In 2004, a Carnegie Mellon University study looked at the impact of empathetic storytelling. They studied participants who received two different kinds of donation requests from the well-known nonprofit Save the Children, an organization that aims to promote all children’s rights and provide support around the globe to uphold them.
The first request used a number-heavy approach: “Donate $25 and feed a child for a month. Just under a dollar a day will feed this starving child.” The second took a more narrative, storytelling approach where they profiled the children and told the story of their suffering. The participants who were told the personal story gave more than double the amount of those who read the number-heavy request.

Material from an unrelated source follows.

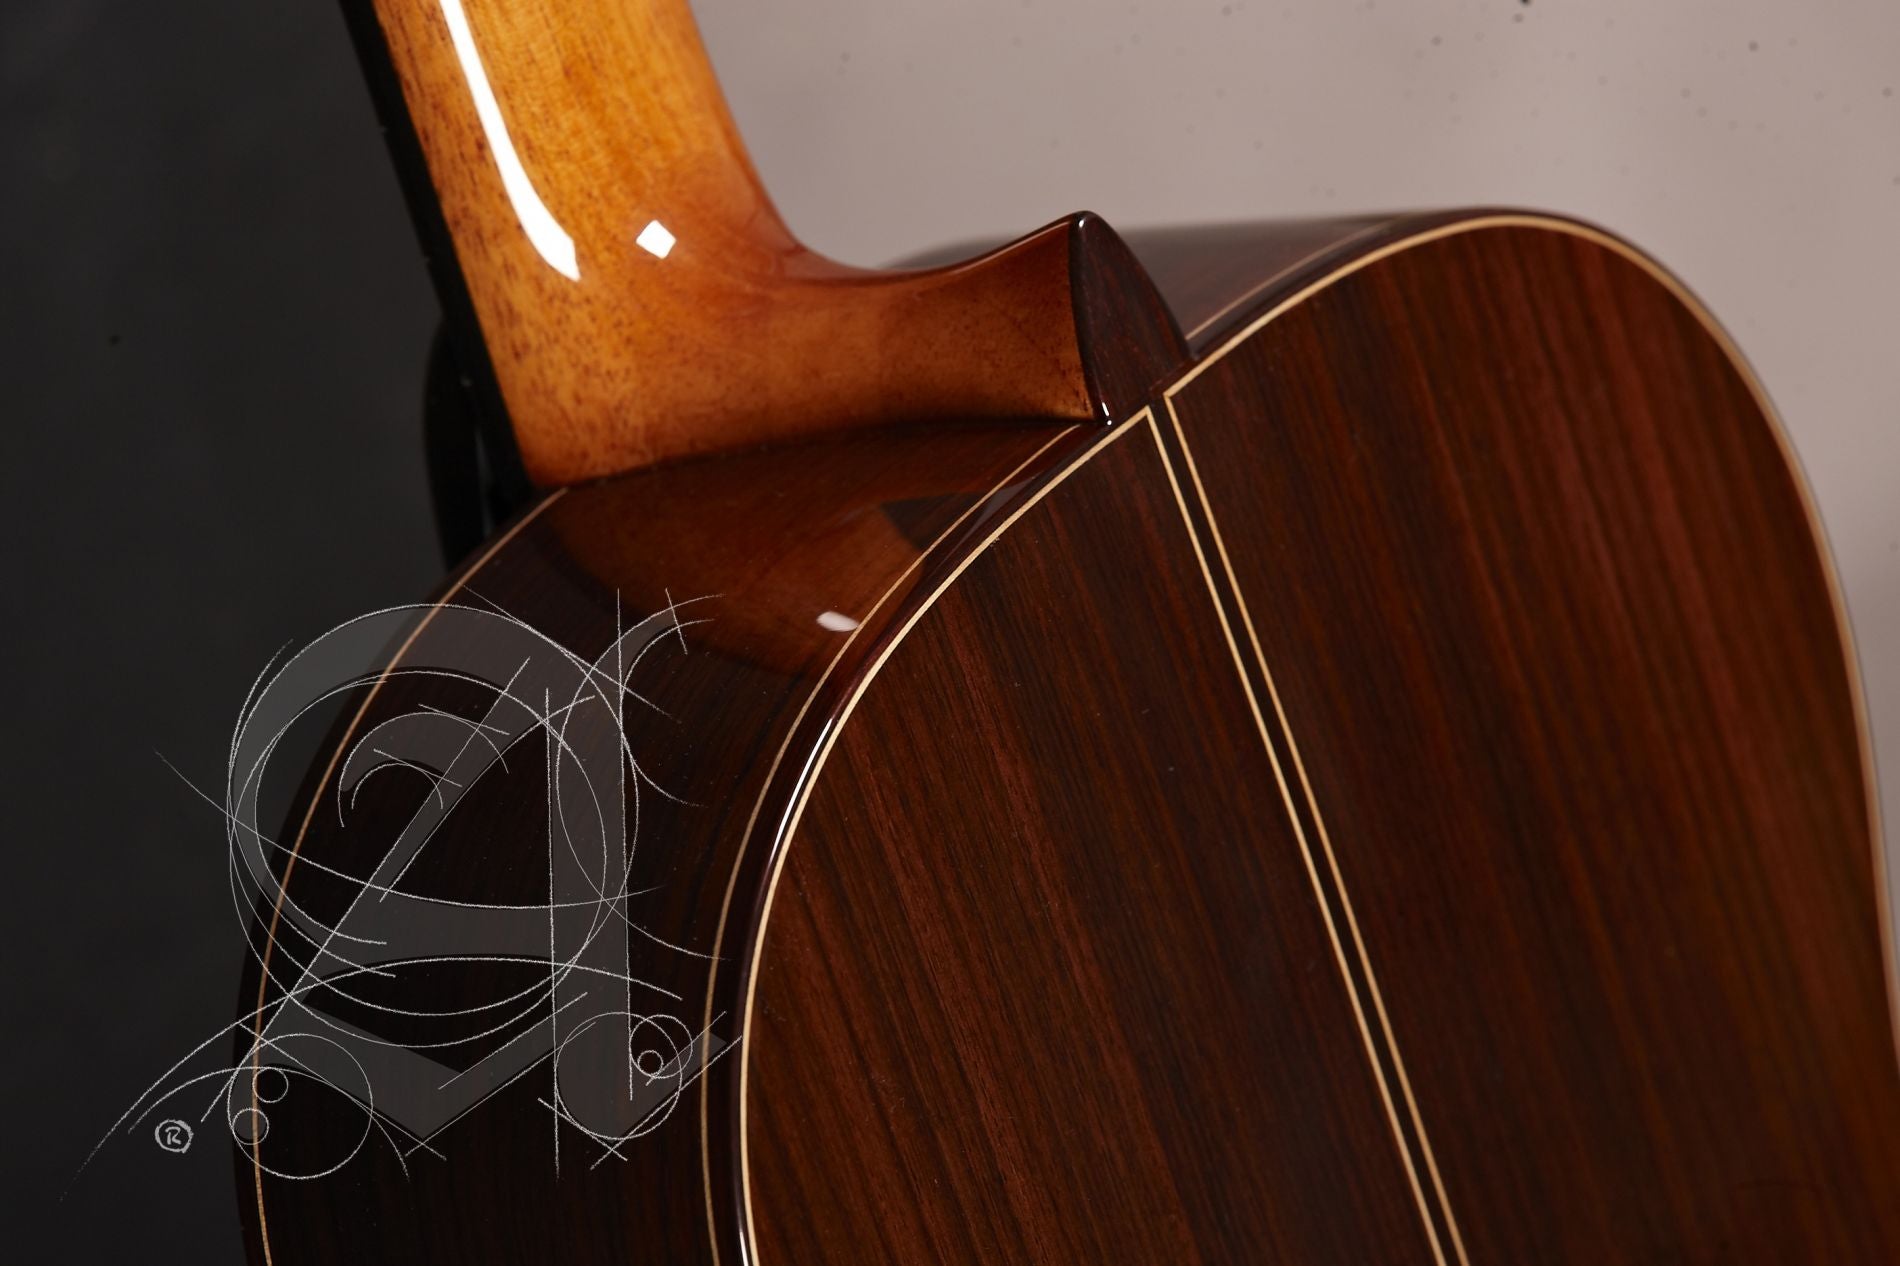 Alhambra Linea Professional Classical Guitar (with original hardcase)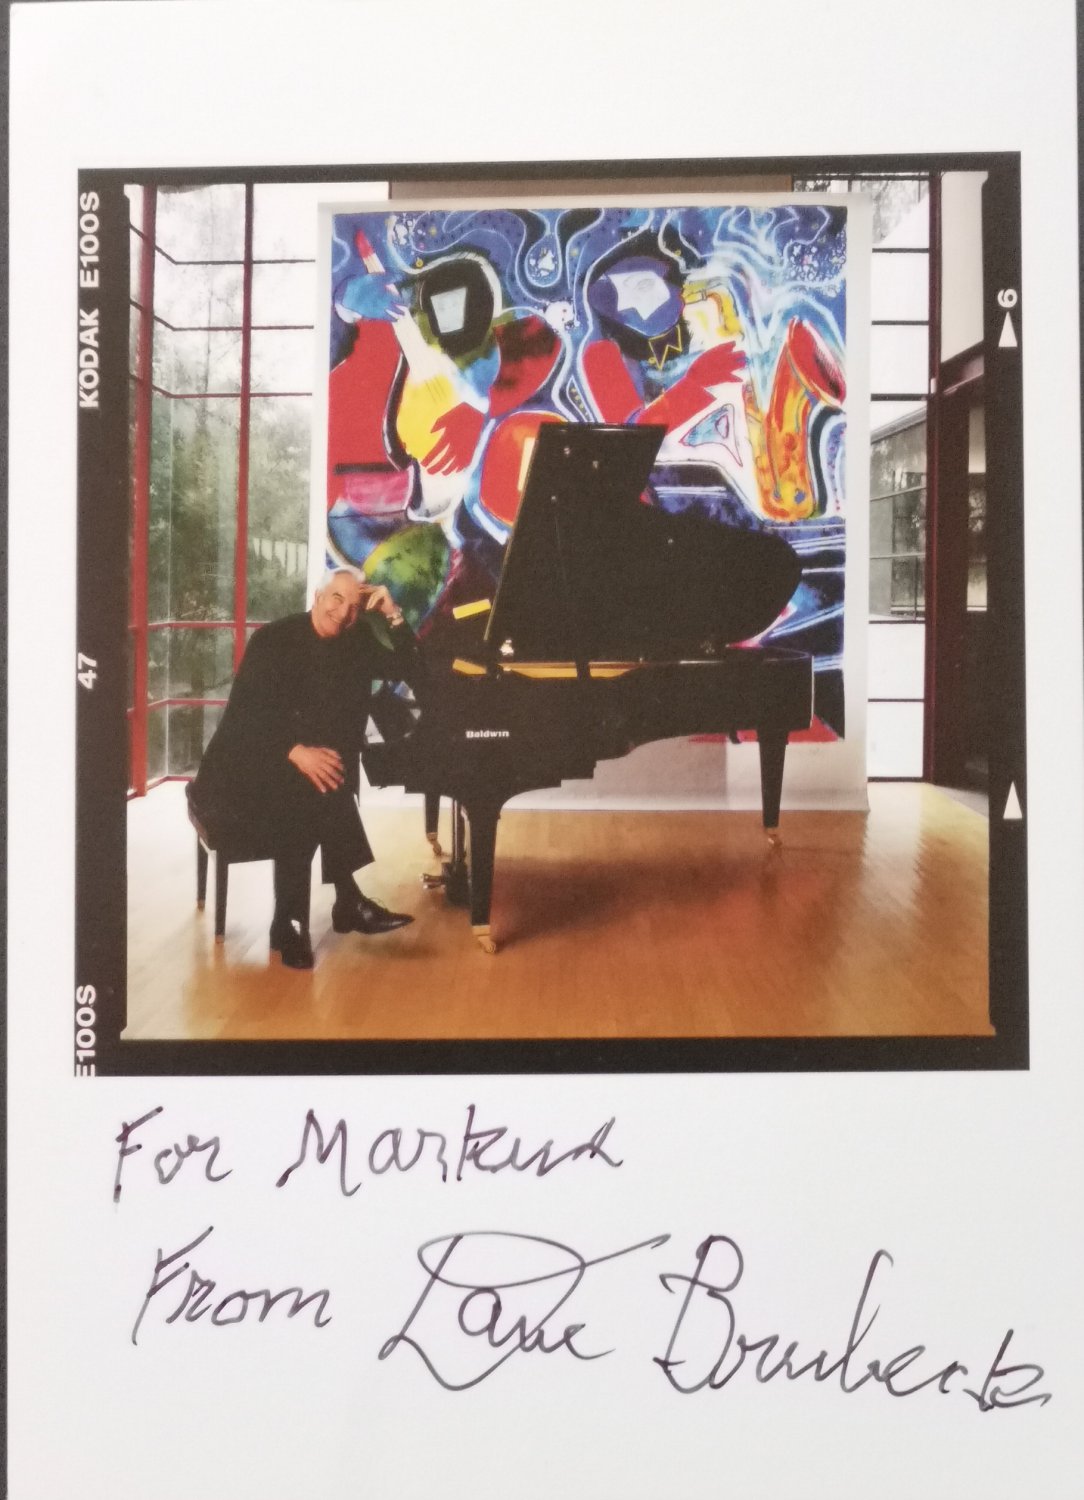 Dave Brubeck, Jazz Pianist Composer, Original Autograph, Guaranted Authentic

I’m certainly not surprised by the study’s outcome. Research has shown that empathy affects our thinking and stories about real people that make us actually “feel” are the best way to motivate us into action. In Mean People Suck, I take this concept a step farther and explore the ways empathetic storytelling can actually transform our personal and professional lives.

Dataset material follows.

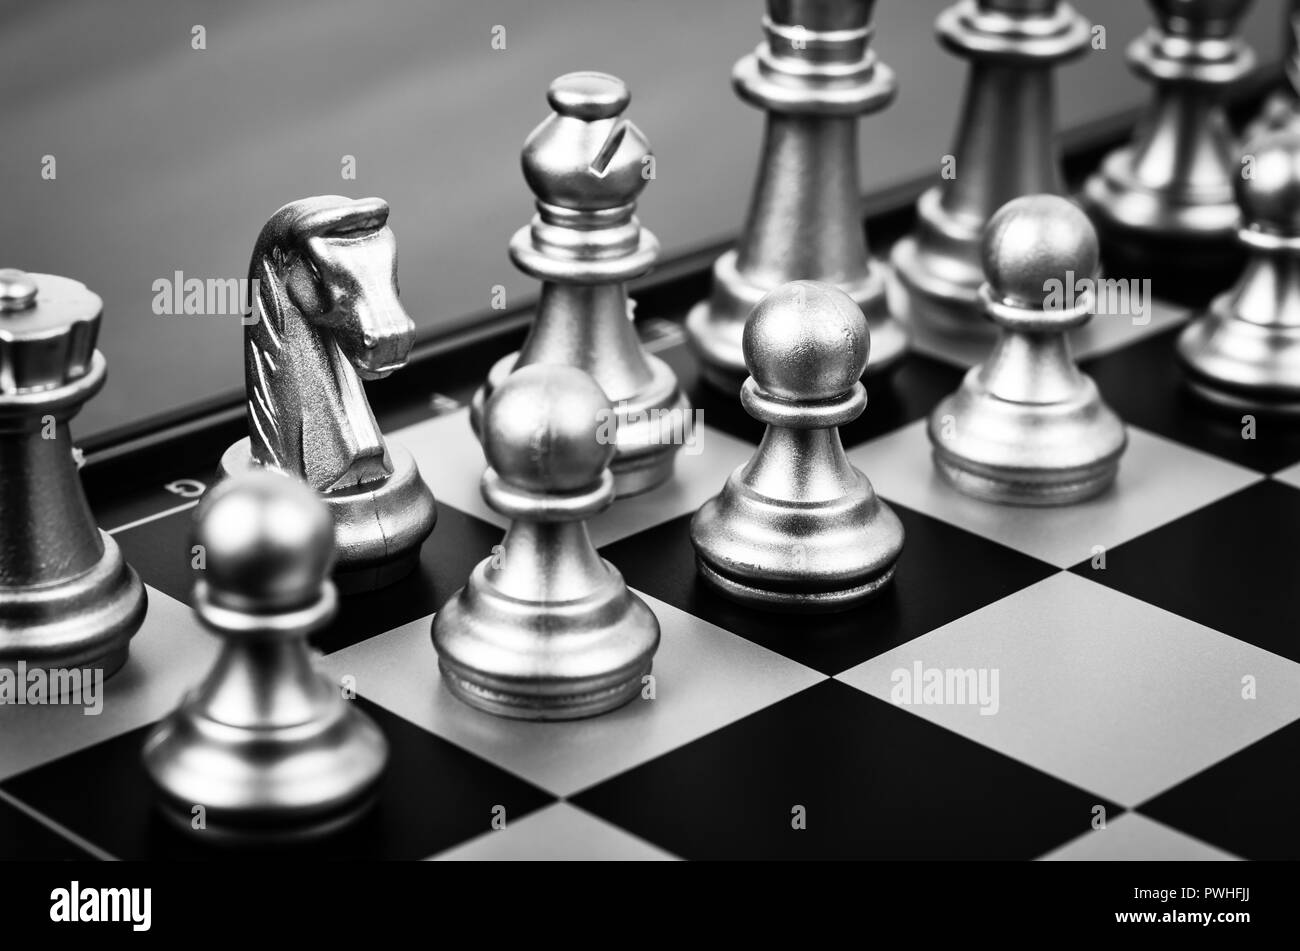 Volumetric chessboard, no figures, 3d, no background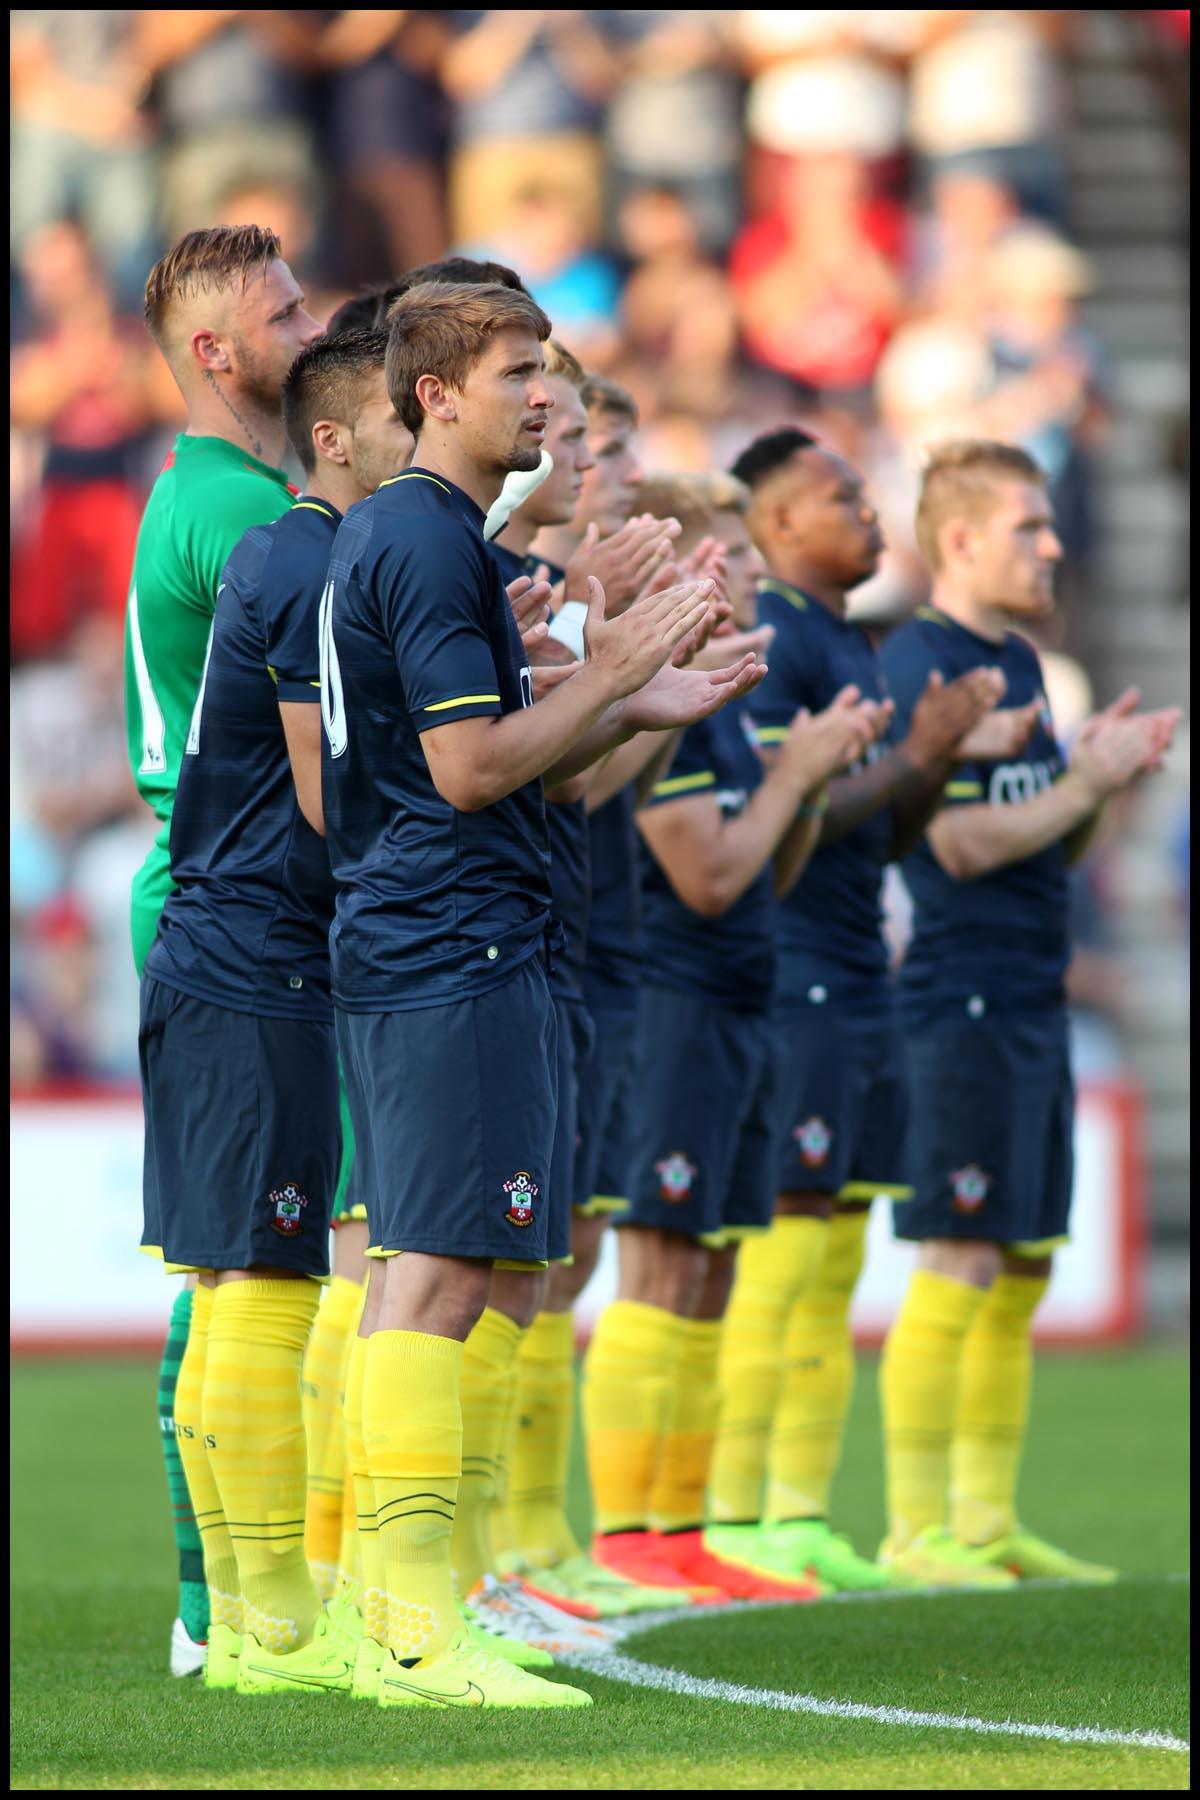 AFC Bournemouth v Saints pre-season friendly picture gallery.

What makes storytelling so effective
According to Vanessa Boris in Harvard Business Review, effective storytelling forges bonds between the listeners based on shared ideas. Those shared ideas create the bonds that define our culture, our values, and our shared history. Numbers may provide the most accurate insights, but sobering statistics and percentages aren’t always the best way to show us what’s at stake. It’s human nature to feel for others.
Stories increase value
Perhaps one of the best stories I’ve heard about how storytelling can increase value is that of two reporters, The Washington Post’s Rob Walker and The New York Times’ Joshua Glenn. They considered themselves storytellers who believed in the power of stories to create quantifiable value through empathy. They wanted to test their hypothesis, so they came up with this idea called the Significant Objects Project. They theorized that sincere stories were such a driver of emotional connection that their impact could be measured objectively.
They started by buying 100 useless trinkets at garage sales and online, all for a few dollars each. They then turned to their colleagues and a community of writers to provide a backstory for each object. Those writers included bestselling authors, Pulitzer Prize winners, journalists, and mommy bloggers; and they were each asked to write one story about one of the objects.
One writer penned a fictional letter by a woman named Susan about a globe paperweight that Rob and Joshua had purchased for $1.49. In four pages, “Susan” told an elaborate tale of love lost, amazing sex, travel, regret, loneliness, and questions of self-worth. When the letter was attached to that item, the $1.49 globe paperweight sold for $198. That’s a 132,000-percent difference!
Rob and Joshua had spent $129 on 100 items purchased in thrift stores, garage sales, and online. Those items then sold for $3,613 online once the fictional stories were added to the items. The final markup average for those 100 items was about 2,700 percent. The point is that stories have real value.
Styles of storytelling
There are different approaches to storytelling, but one of the most well-known was created by Joseph Campbell, who studied 200 memorable stories from every culture around the world in his book The Power of Myth (Anchor Doubleday, 1988). He created what is known as “the hero’s journey,” which is the common element in all good stories from the beginning of time. It follows this straightforward pattern.
- It starts with a reluctant hero (like Luke Skywalker).
- The hero is called to adventure (to help free Princess Leia).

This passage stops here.